Your task: Quote all lines below exactly. Images stay out.

Information supplied:
+ + + + +

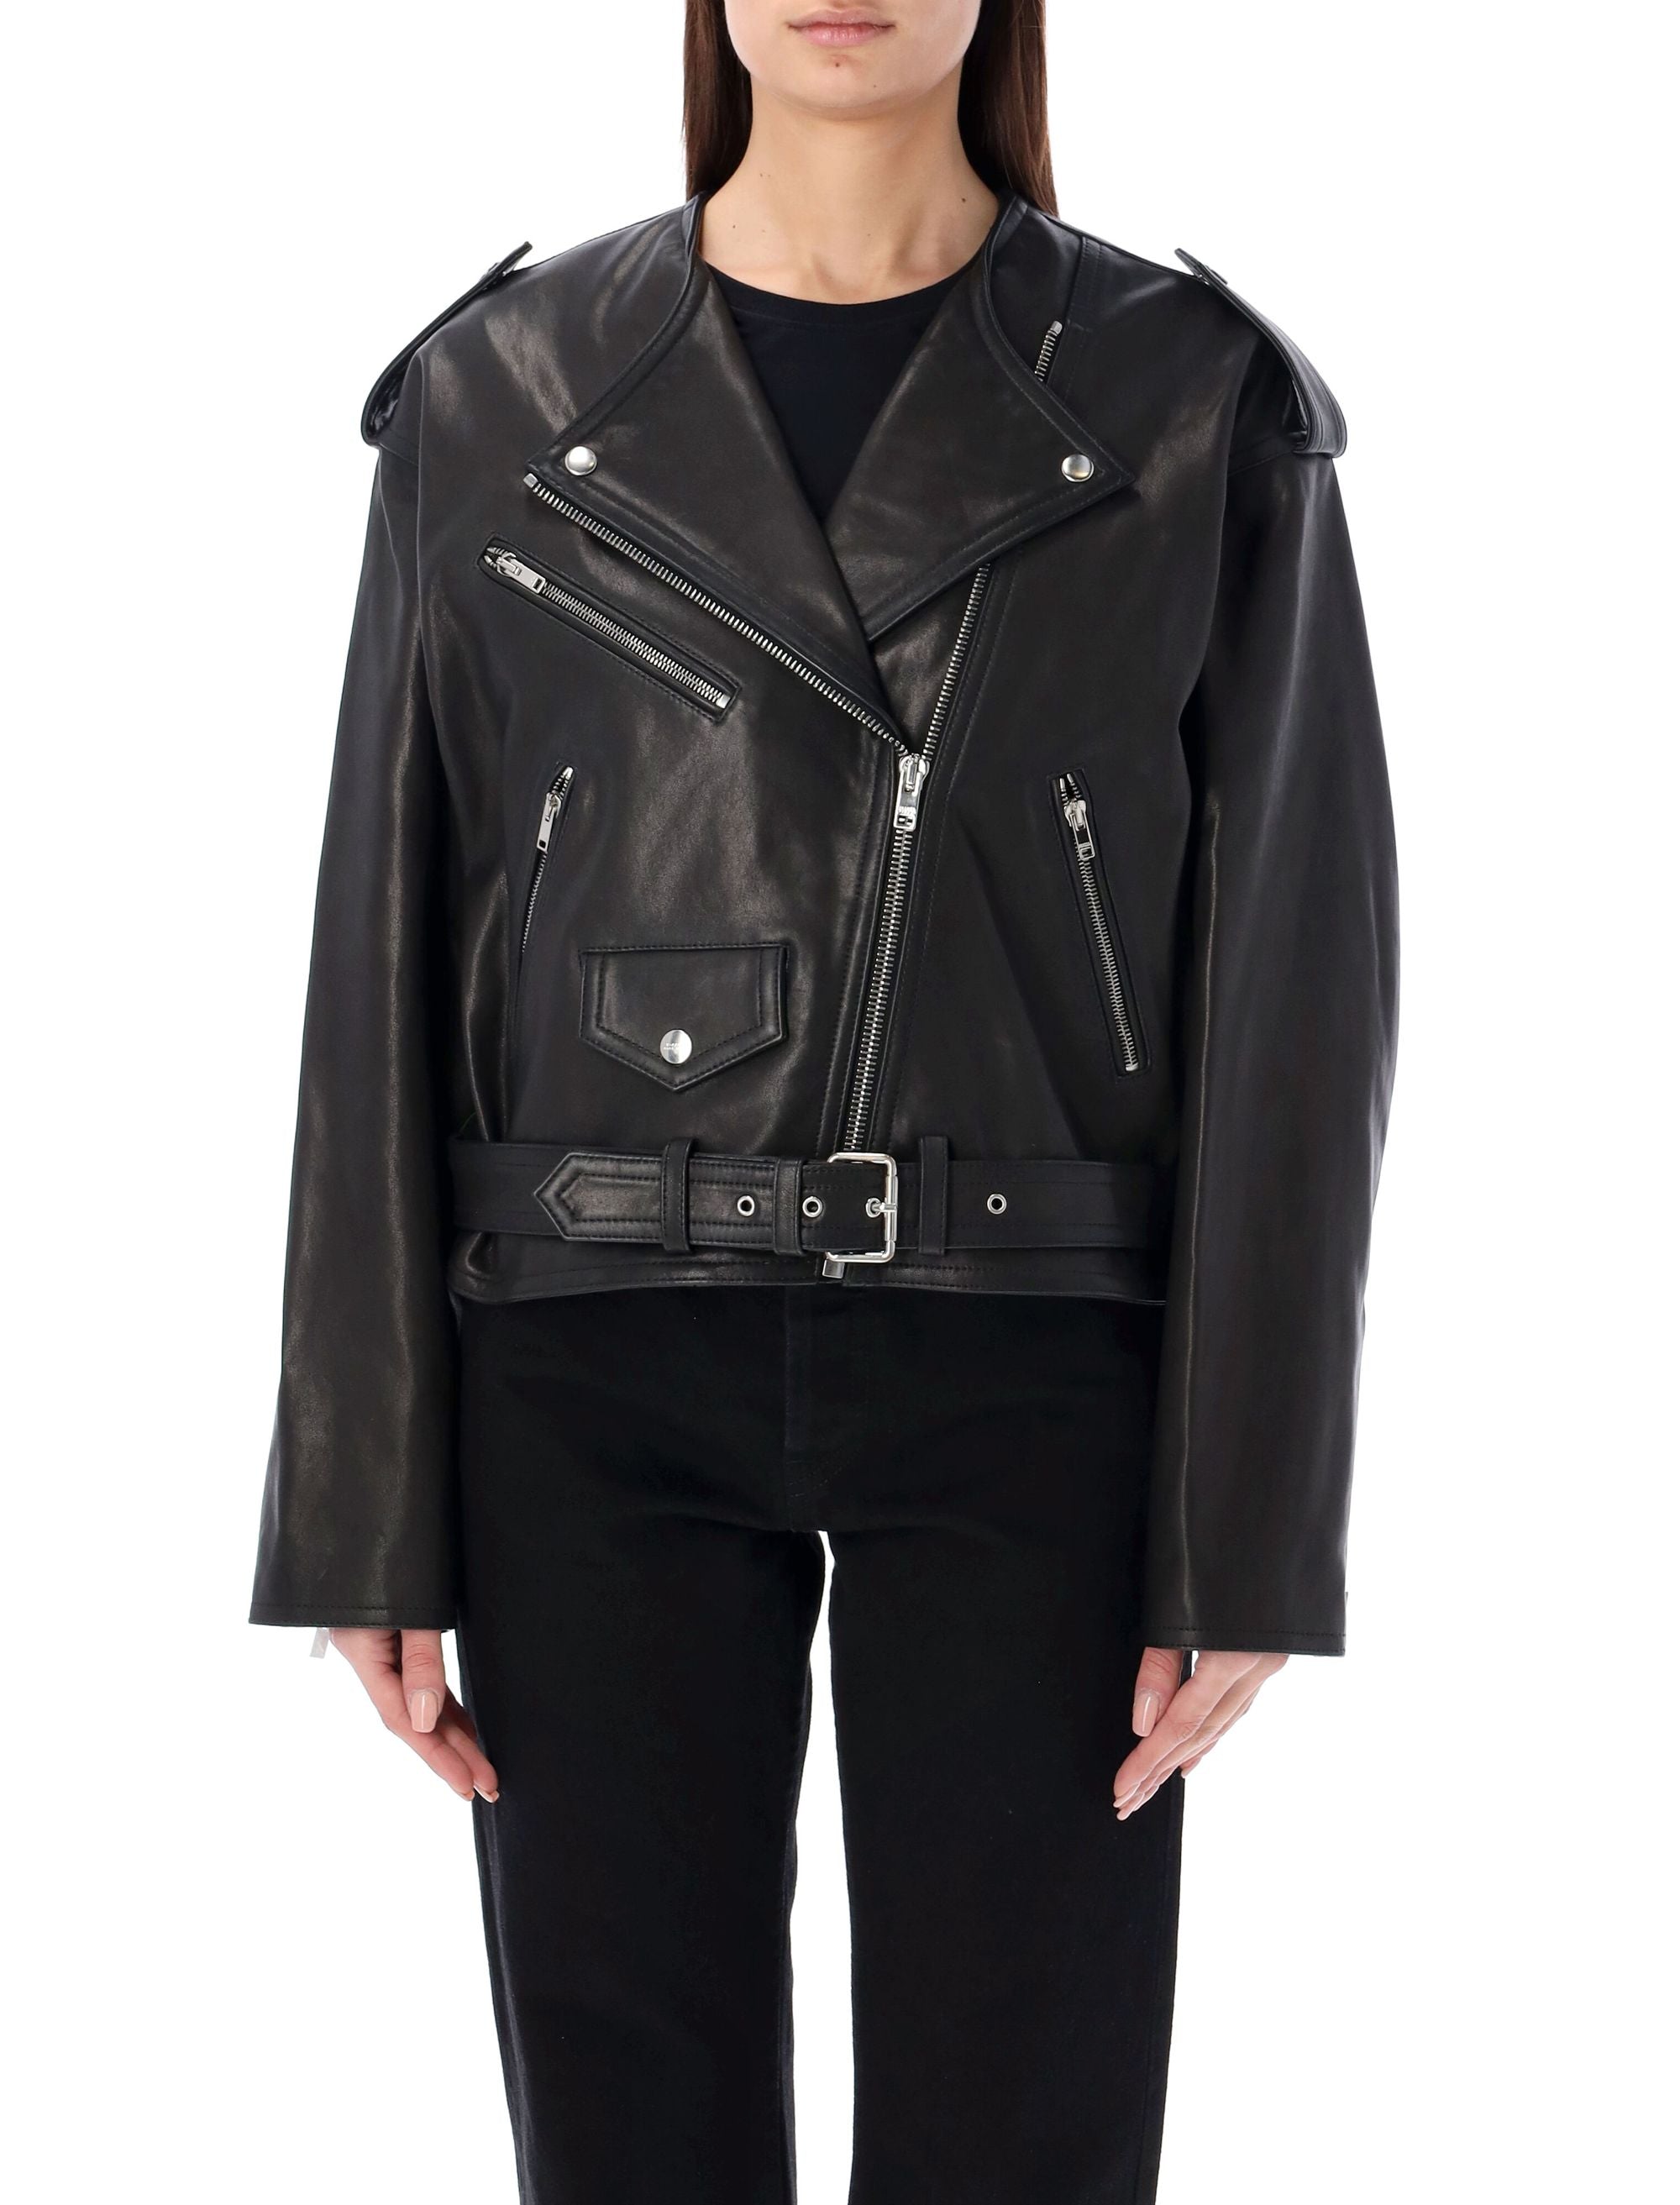 Isabel Marant Stylish Black Leather Jacket With Edgy Details For Women
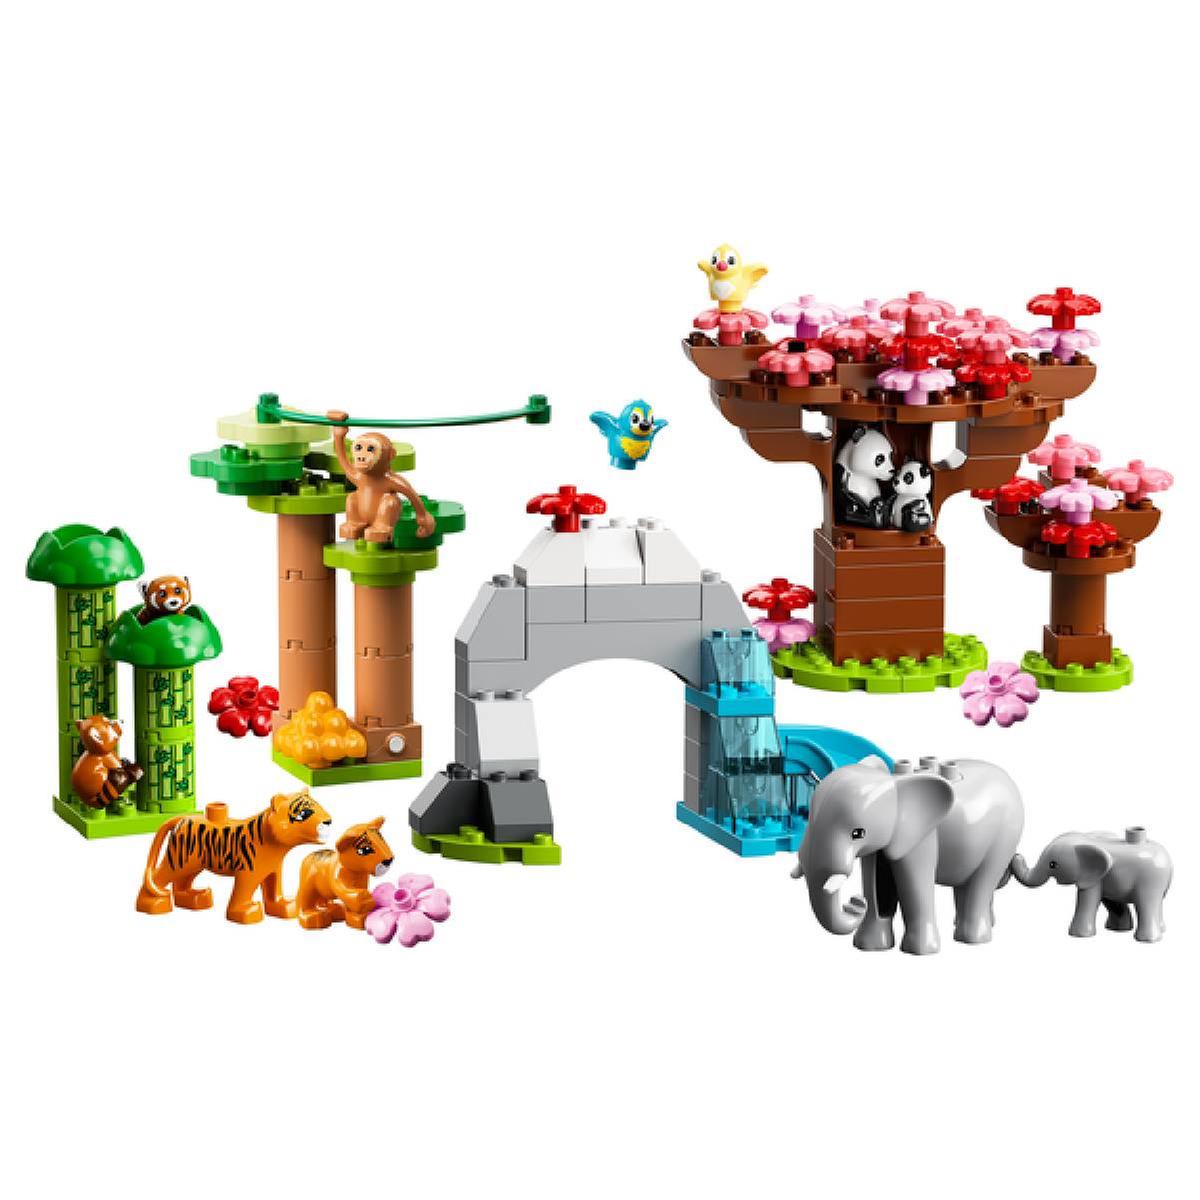 LEGO Duplo - Fauna Salvaje del Mundo (10975) desde 115,80 €
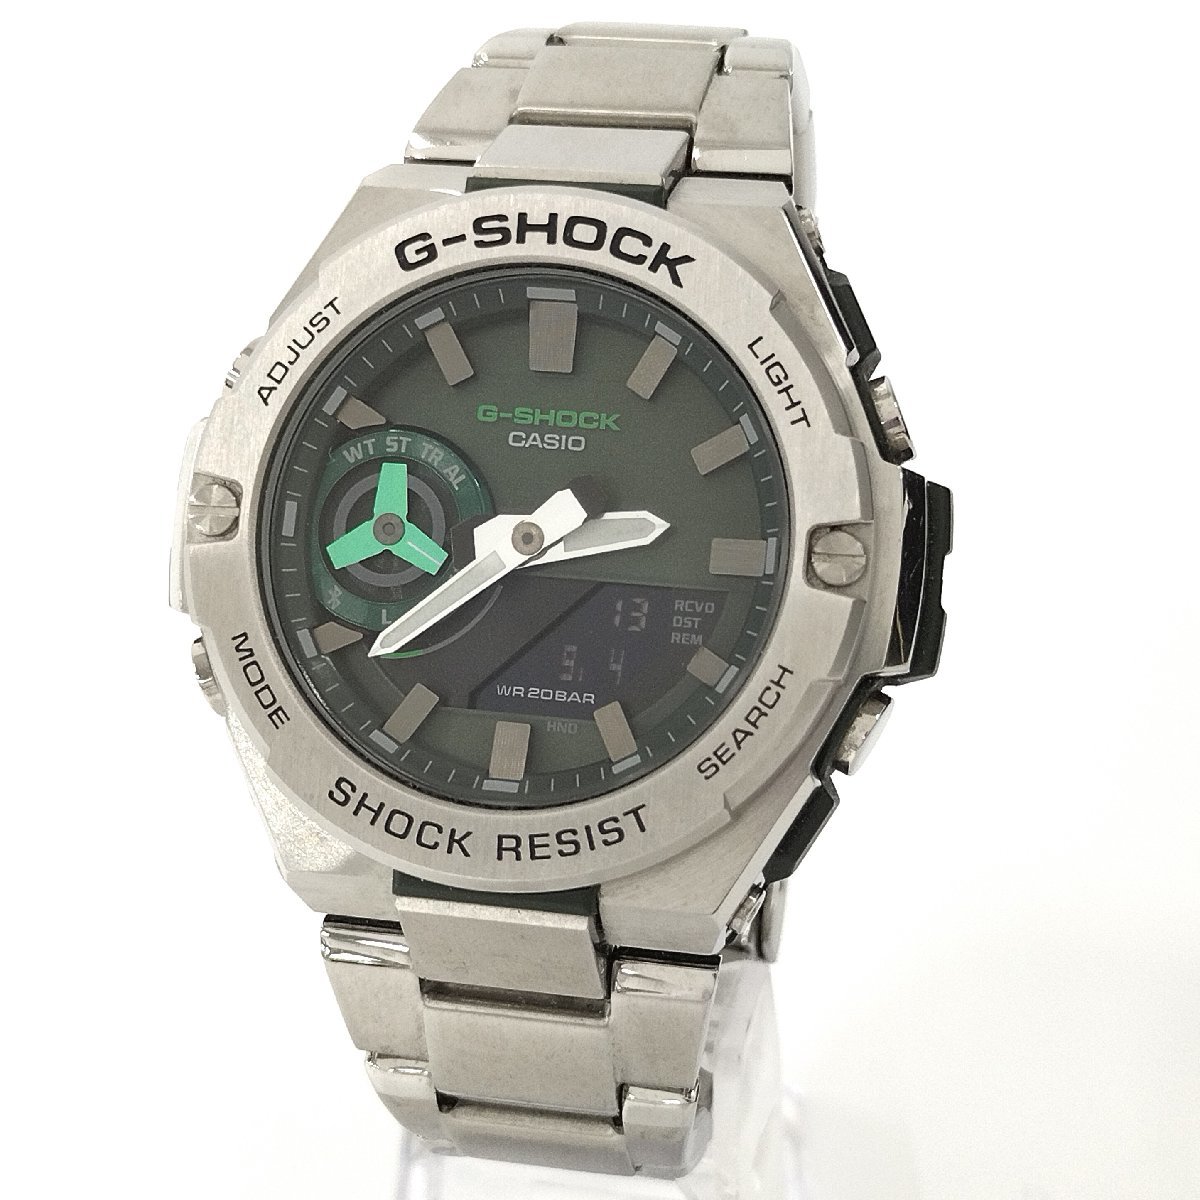 ●CASIO カシオ G-SHOCK GST-B500AD-3A シルバー メンズ 腕時計 グリーン文字盤 タフソーラー Gショック 中古[ne]u375_画像1

+ + + + +

Solution for this problem:
 Isabel Marant Stylish Black Leather Jacket With Edgy Details For Women
 LEGO Duplo - Fauna Salvaje del Mundo (10975) desde 115,80 €
 ●CASIO カシオ G-SHOCK GST-B500AD-3A シルバー メンズ 腕時計 グリーン文字盤 タフソーラー Gショック 中古[ne]u375_画像1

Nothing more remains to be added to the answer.